Serangan terjadi di Bandara Internasional Diori Hamani dekat ibu kota Niger, Niamey, pada malam hari. Sebanyak 20 penyerang tewas dan empat personel militer Niger terluka dalam insiden yang berlangsung sekitar 30 menit ini.

Suara ledakan keras dan tembakan berkepanjangan terdengar selama serangan berlangsung. Setelah kejadian, 11 orang ditangkap, termasuk seorang warga Prancis di antara para penyerang yang tewas.

Kelompok Islamic State mengaku bertanggung jawab atas serangan ini melalui sayap informasinya, Amaq. Mereka menyebut target serangan adalah pangkalan militer yang digunakan oleh tentara Niger.

Menurut laporan, bandara mengalami kerusakan besar meski tidak mengungkap jumlah korban jiwa dari pihak mereka. Sistem pertahanan udara Niger berhasil menanggapi serangan dengan menembak proyektil yang masuk.

Operasional bandara kembali normal keesokan harinya. Pejabat Niger memberi kredit kepada pasukan militer Rusia atas keberhasilan menggagalkan serangan tersebut.
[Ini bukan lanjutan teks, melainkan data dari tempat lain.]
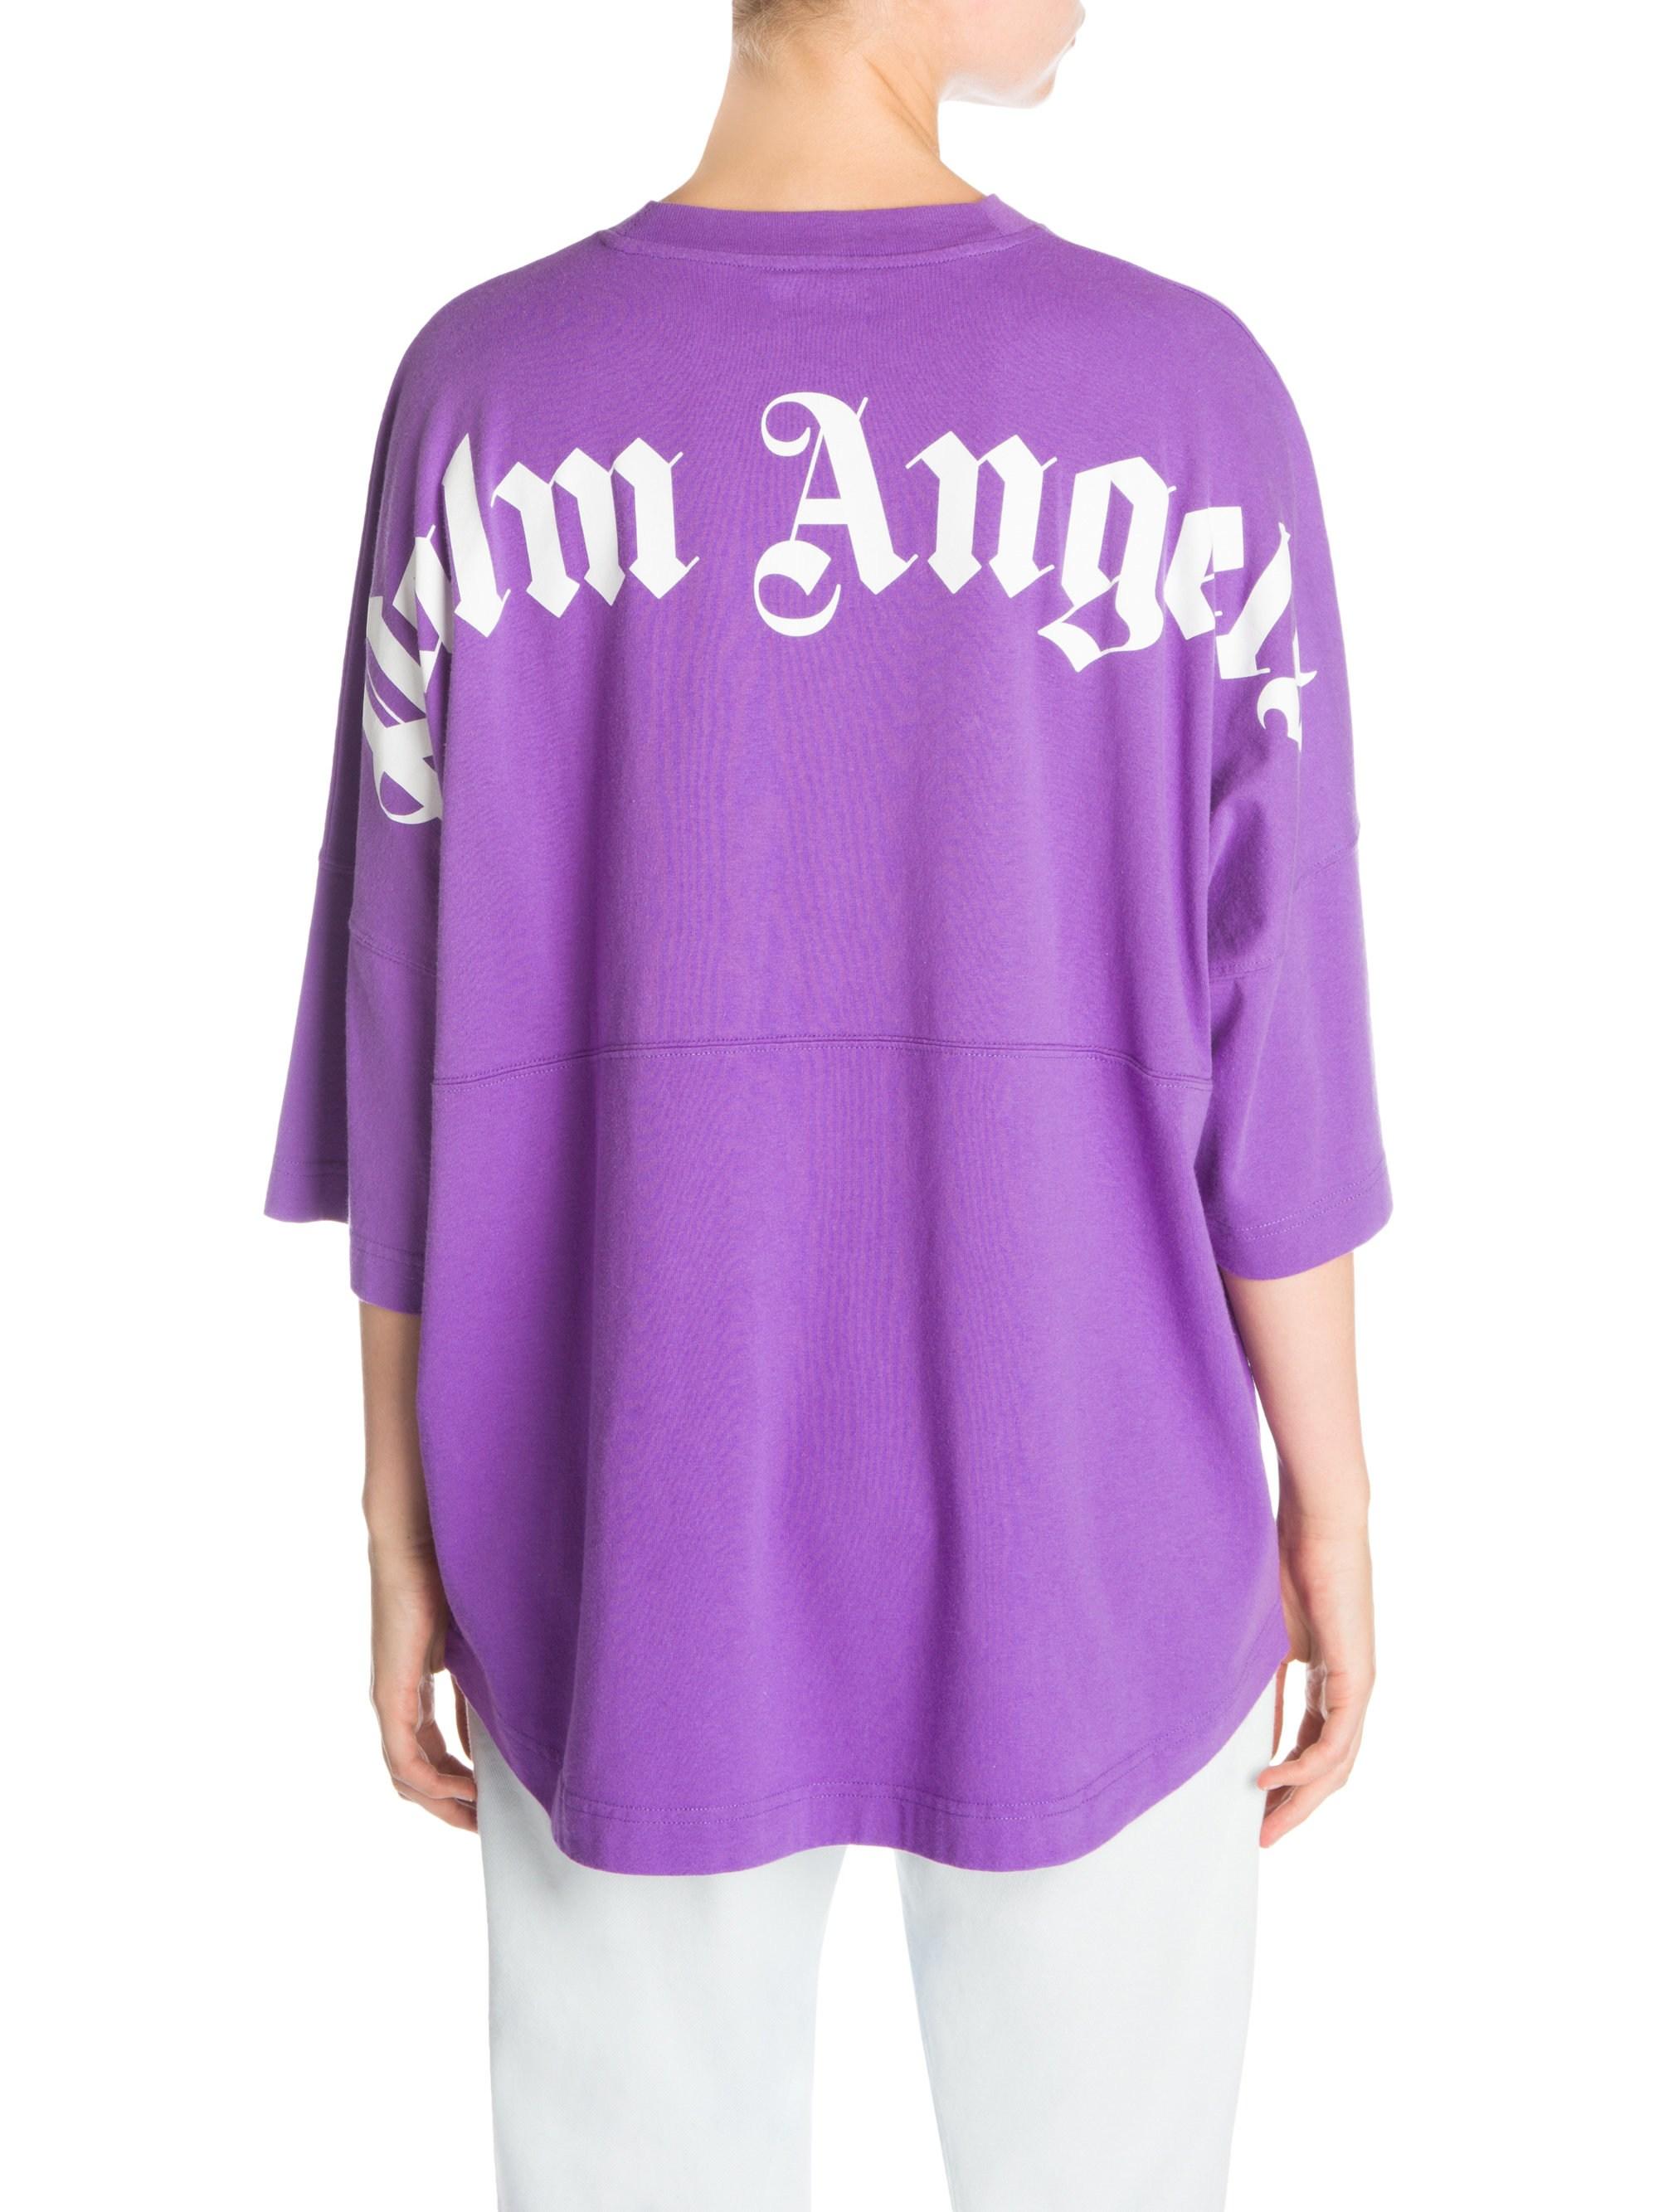 palm angels purple shirt

Jenderal Abdourahamane Tiani, penguasa Niger hasil kudeta militer pada pertengahan tahun lalu, menuduh presiden Prancis, Benin, dan Pantai Gading bertanggung jawab atas serangan tersebut. Tuduhan itu disampaikan tanpa bukti konkret.

Tiani mengancam akan melakukan pembalasan dan menyatakan, “Kami telah mendengar mereka menggonggong. Mereka harus siap mendengar raungan kami.” Pernyataan ini menunjukkan ketegangan politik yang sedang berlangsung.
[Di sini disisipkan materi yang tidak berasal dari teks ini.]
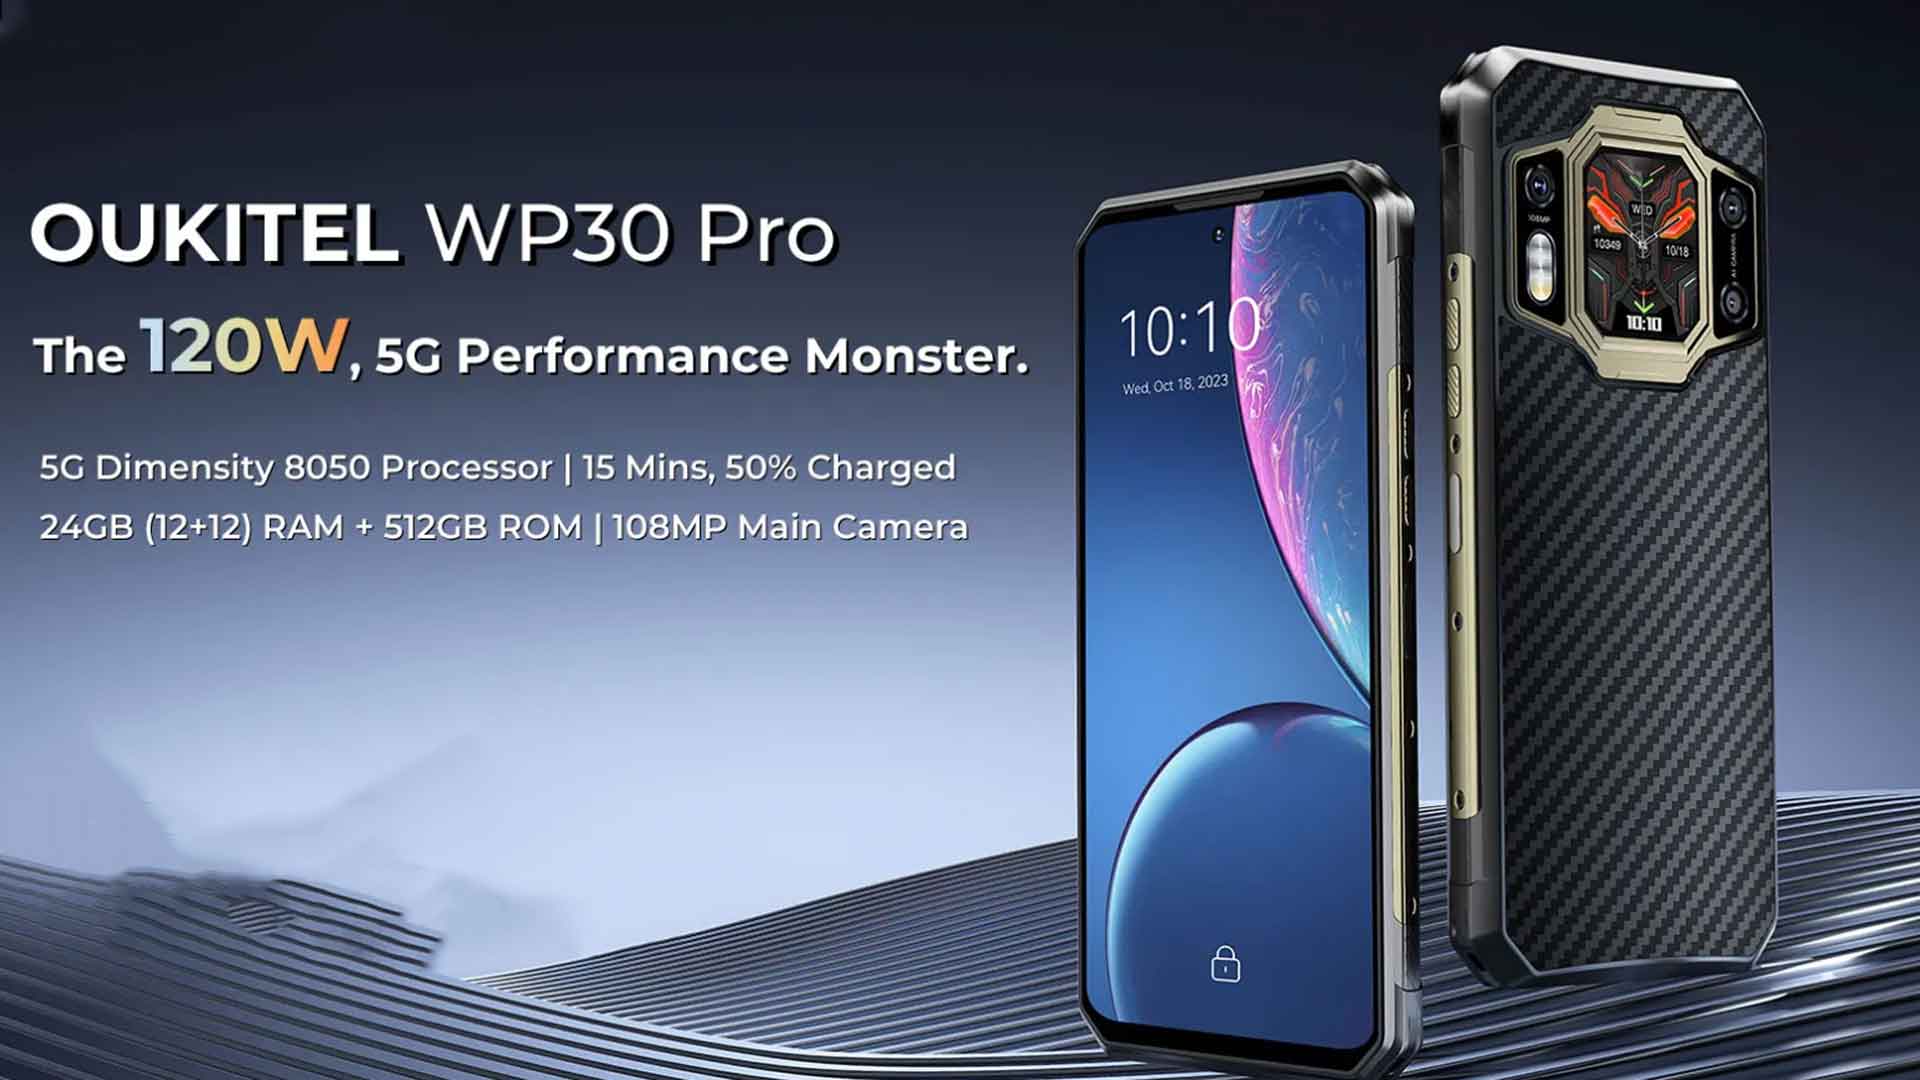 Oukitel WP30 Pro, Oukitel WP30 Pro review, Oukitel WP30 Pro specs, Oukitel WP30 Pro price, Oukitel WP30 Pro features, Oukitel WP30 Pro phone, rugged phone, best rugged phone

Hubungan Niger dengan Prancis dan beberapa negara tetangga sedang memburuk. Tiani menilai beberapa negara tersebut bertindak sebagai proxy Prancis di kawasan.
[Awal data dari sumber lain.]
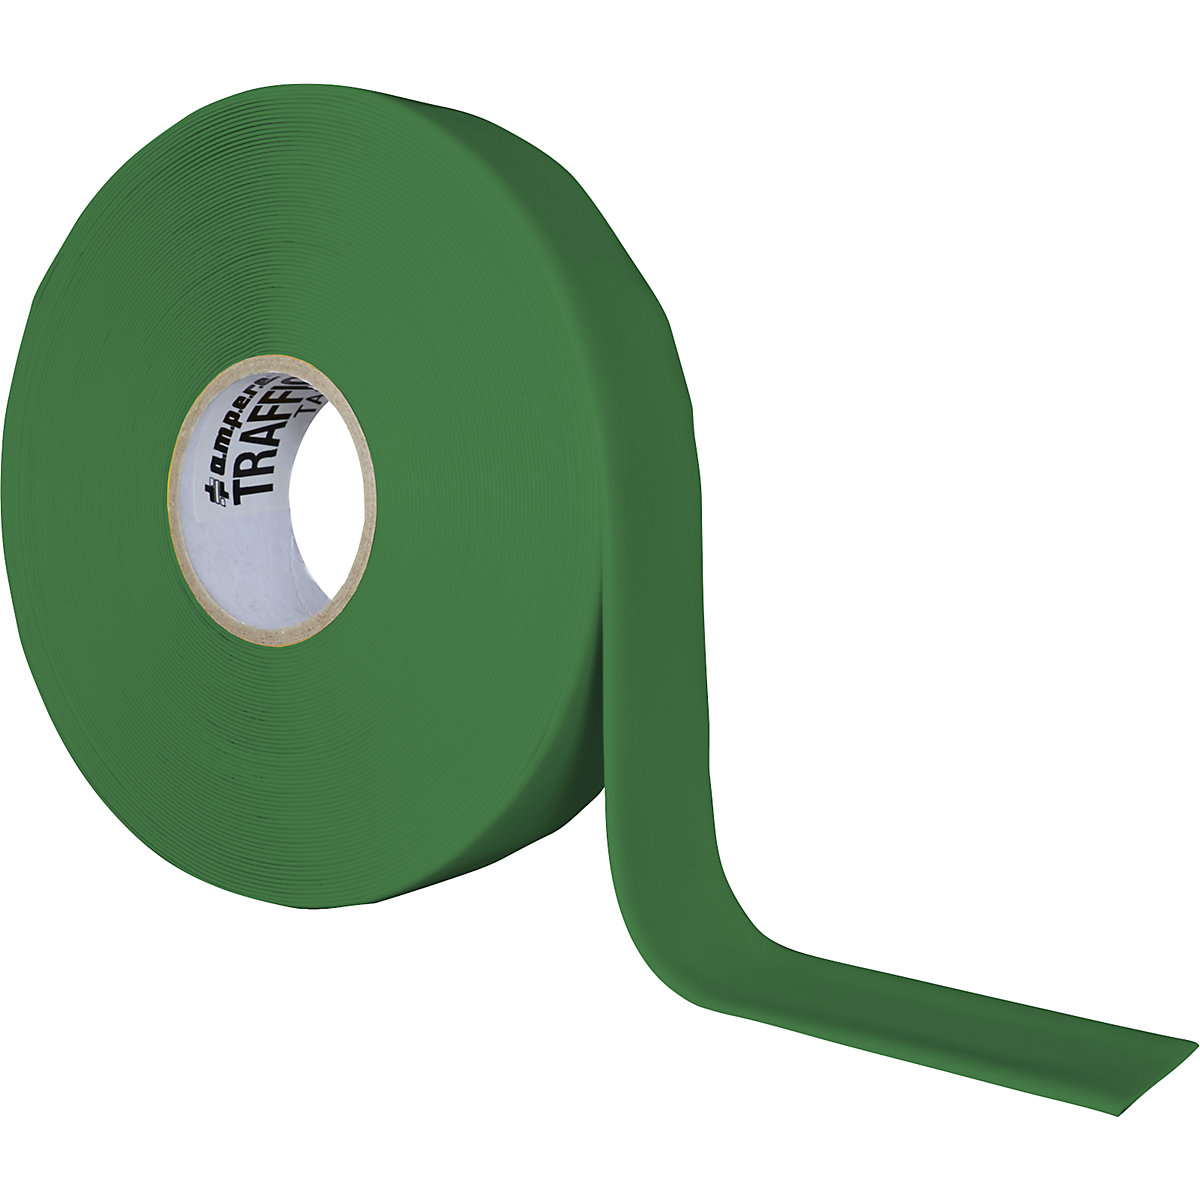 Vloermarkeringstape, extra sterk – Ampere, breedte 50 mm, groen-5

Sebaliknya, Niger memperkuat hubungan dengan Rusia yang membantu militer Niger melawan pemberontakan kelompok al-Qaida dan ISIS. Hubungan ini penting dalam konteks keamanan regional.

Niger, bersama Mali dan Burkina Faso, menghadapi pemberontakan yang mengakibatkan ribuan kematian dan jutaan pengungsi. Ketiga negara ini membentuk Aliansi Negara Sahel sebagai respons.

Aliansi ini melibatkan kerja sama dengan Rusia dan sekaligus memutus hubungan militer dengan Prancis. Langkah ini menunjukkan pergeseran geopolitik di wilayah Sahel yang rentan konflik.